Cannot access Red Hat 7.2 from the Internet

Cannot access Red Hat 7.2 from the Internet

Post by Bret » Mon, 04 Feb 2002 06:14:11



I am running a web server (Apache, of course) and FTP server on a
Linux 7.2 box from a DMZ line on a Sonicwall through a Cisco router.

The problem is, I cannot reach the box from outside of my building.  
The entire network inside my building can see the HTTP site and FTP
just fine while *inside* my building by IP and by my remote DNS
Server.

I cannot ping the ip (request timed out), cannot connect through FTP,
cannot connect thought HTTP, cannot connect though another port while
*outside* the building.

The Linux box has two network cards one that goes to the DMZ and the
other is on the internal network.  The IP address that is assigned to
the DMZ line is a resolvable public address.  I have assigned the eth0
(the dmz line) as non-dhcp and assigned it the proper, IP, Subnet
Mask, and Default Gateway Address.

I have turned off ipchains and reset iptables to the default ACCEPT
policy.

I really wanted to blame the Sonicwall and the router. The reason I
think the problem lies within Linux is because I have Apache running
on my windows box and I connected the DMZ line up to it.  I set all
the correct information (ip, subnet, default gateway) and IT WORKED!
It even worked for a few days.

I have checked  /etc/host.allow and /etc/host.deny and the files are
empty.

I have also ran tcpdump and had someone try to get to the http site.
I can see the requests coming in on tcpdump, but they cannot see the
server.

I have searched the groups for many days and found very little that
relates to my experience or situation.  If anyone out there can help
it would be very appreciated.

brett

 
 
 

Cannot access Red Hat 7.2 from the Internet

Post by Simon Matthew » Mon, 04 Feb 2002 07:03:15


The first thing to note is that tcpdump can see packets BEFORE they are
dropped by iptables/ipchains. So I would suggest that you list the rules
(with ipchains, use /sbin/ipchains --list) and make sure that the rules are
what you expect.

Can the linux box ping to hosts on the Internet?

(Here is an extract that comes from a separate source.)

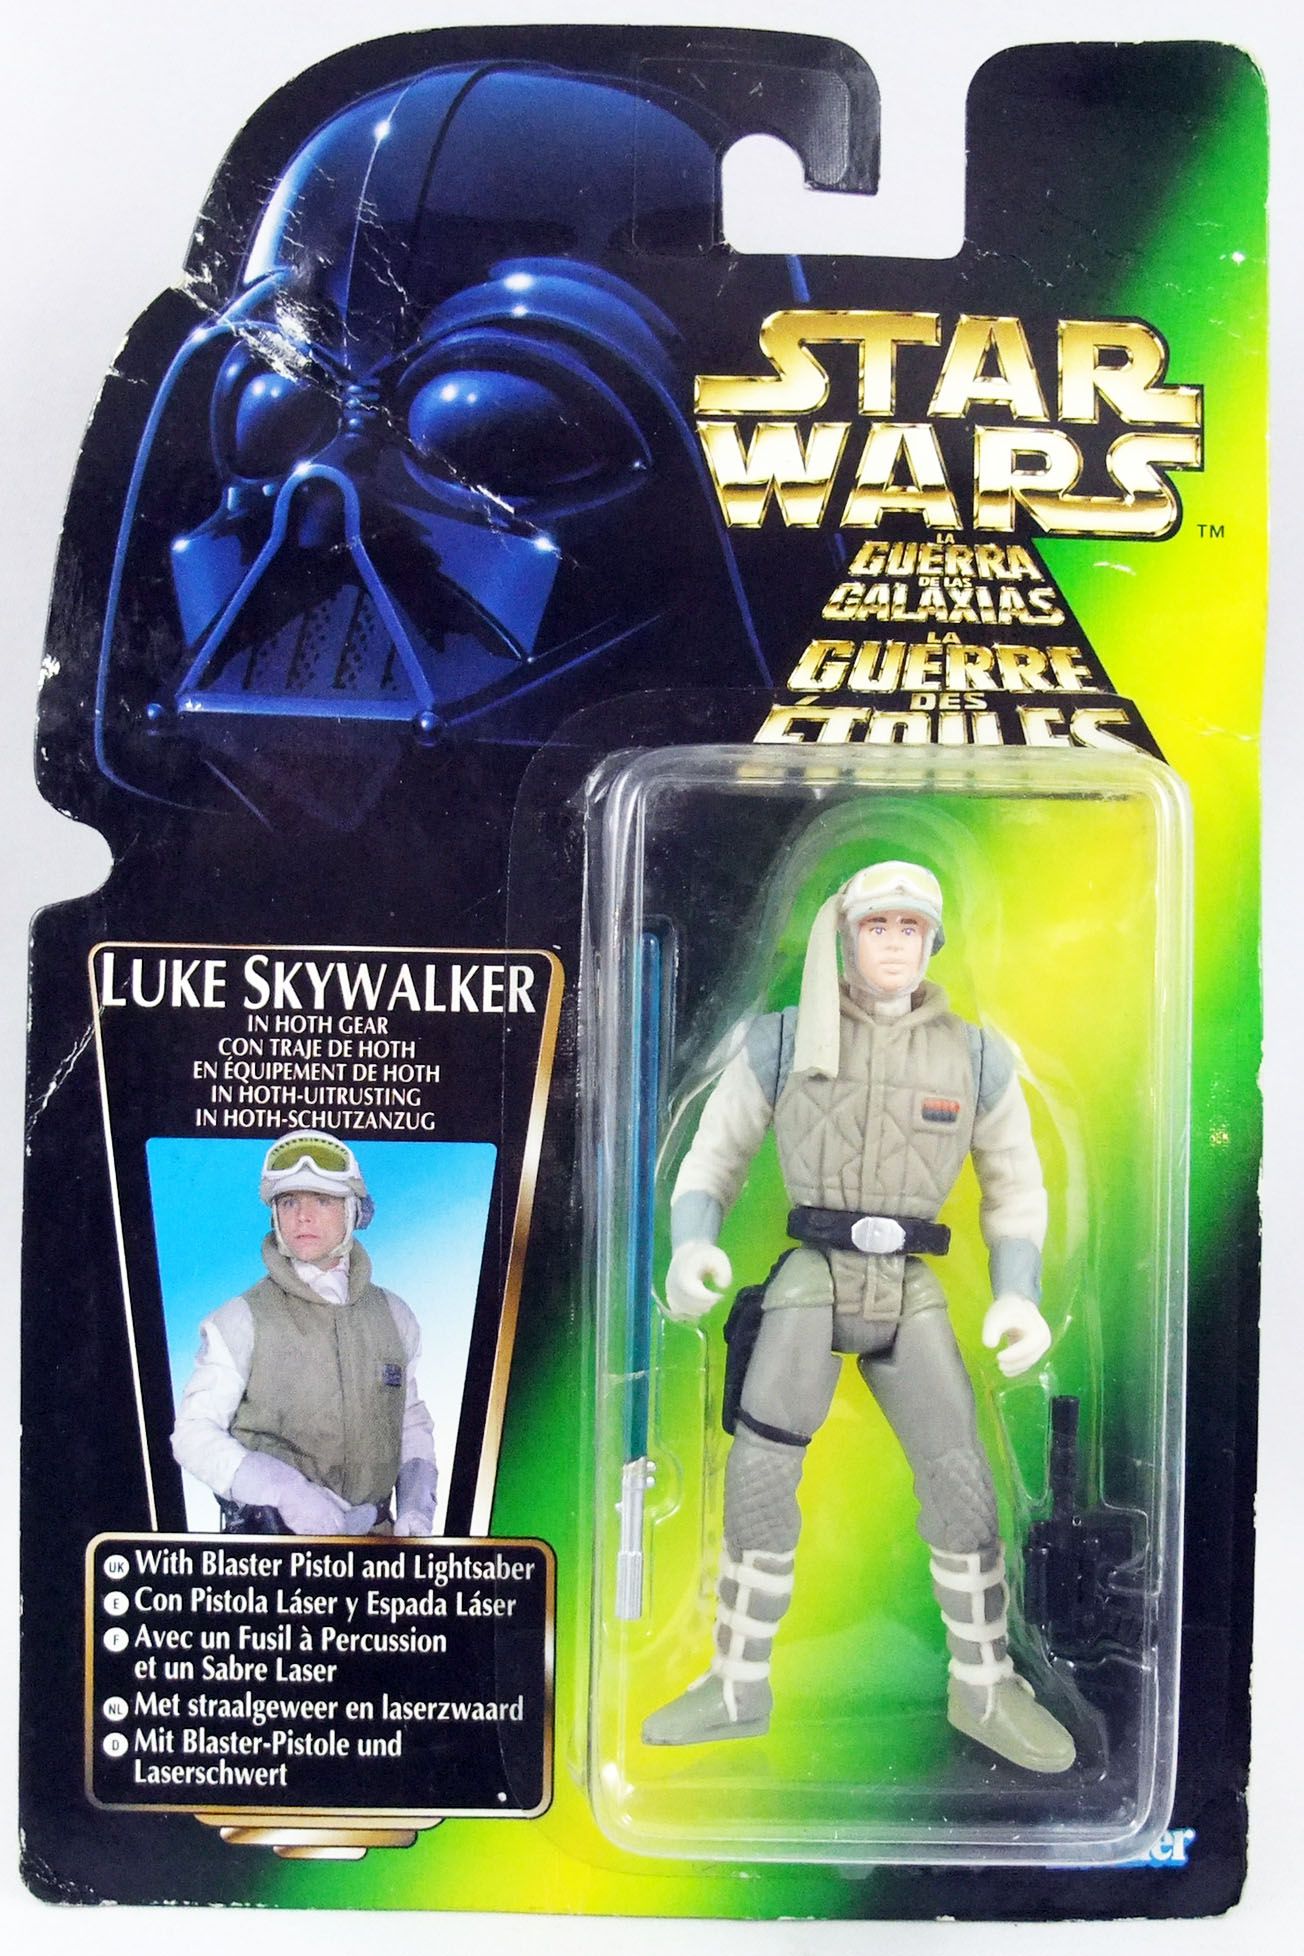 Star Wars (The Power of the Force) - Kenner - Luke Skywalker in

Quote:> I am running a web server (Apache, of course) and FTP server on a
> Linux 7.2 box from a DMZ line on a Sonicwall through a Cisco router.

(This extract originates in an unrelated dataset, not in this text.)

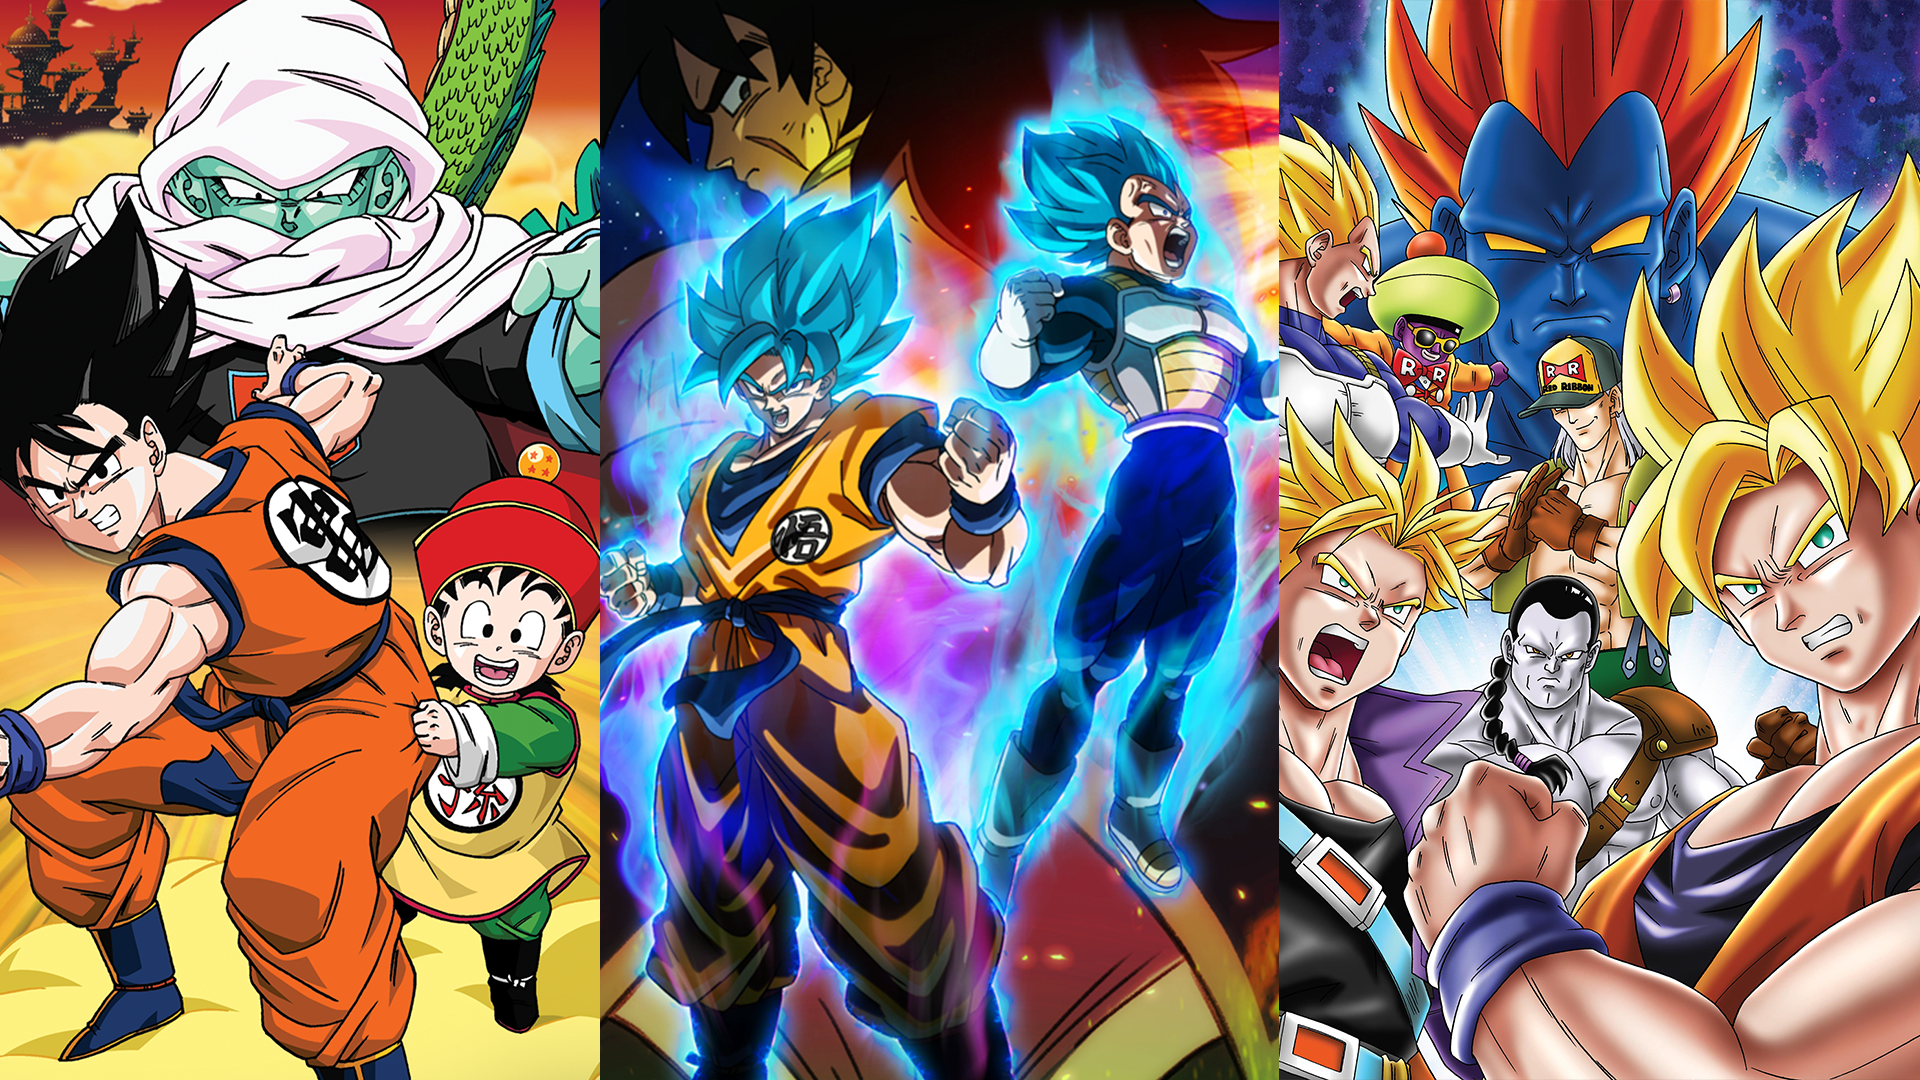 Crunchyroll announced the schedule of 15 Dragon Ball Movies - Dexerto

> The problem is, I cannot reach the box from outside of my building.
> The entire network inside my building can see the HTTP site and FTP
> just fine while *inside* my building by IP and by my remote DNS
> Server.

> I cannot ping the ip (request timed out), cannot connect through FTP,
> cannot connect thought HTTP, cannot connect though another port while
> *outside* the building.

> The Linux box has two network cards one that goes to the DMZ and the
> other is on the internal network.  The IP address that is assigned to
> the DMZ line is a resolvable public address.  I have assigned the eth0
> (the dmz line) as non-dhcp and assigned it the proper, IP, Subnet
> Mask, and Default Gateway Address.

> I have turned off ipchains and reset iptables to the default ACCEPT
> policy.

> I really wanted to blame the Sonicwall and the router. The reason I
> think the problem lies within Linux is because I have Apache running
> on my windows box and I connected the DMZ line up to it.  I set all
> the correct information (ip, subnet, default gateway) and IT WORKED!
> It even worked for a few days.

> I have checked  /etc/host.allow and /etc/host.deny and the files are
> empty.

> I have also ran tcpdump and had someone try to get to the http site.
> I can see the requests coming in on tcpdump, but they cannot see the
> server.

> I have searched the groups for many days and found very little that
> relates to my experience or situation.  If anyone out there can help
> it would be very appreciated.

> brett


 
 
 

Cannot access Red Hat 7.2 from the Internet

Post by Bret » Wed, 06 Feb 2002 02:47:36



> The first thing to note is that tcpdump can see packets BEFORE they are
> dropped by iptables/ipchains. So I would suggest that you list the rules
> (with ipchains, use /sbin/ipchains --list) and make sure that the rules are
> what you expect.

> Can the linux box ping to hosts on the Internet?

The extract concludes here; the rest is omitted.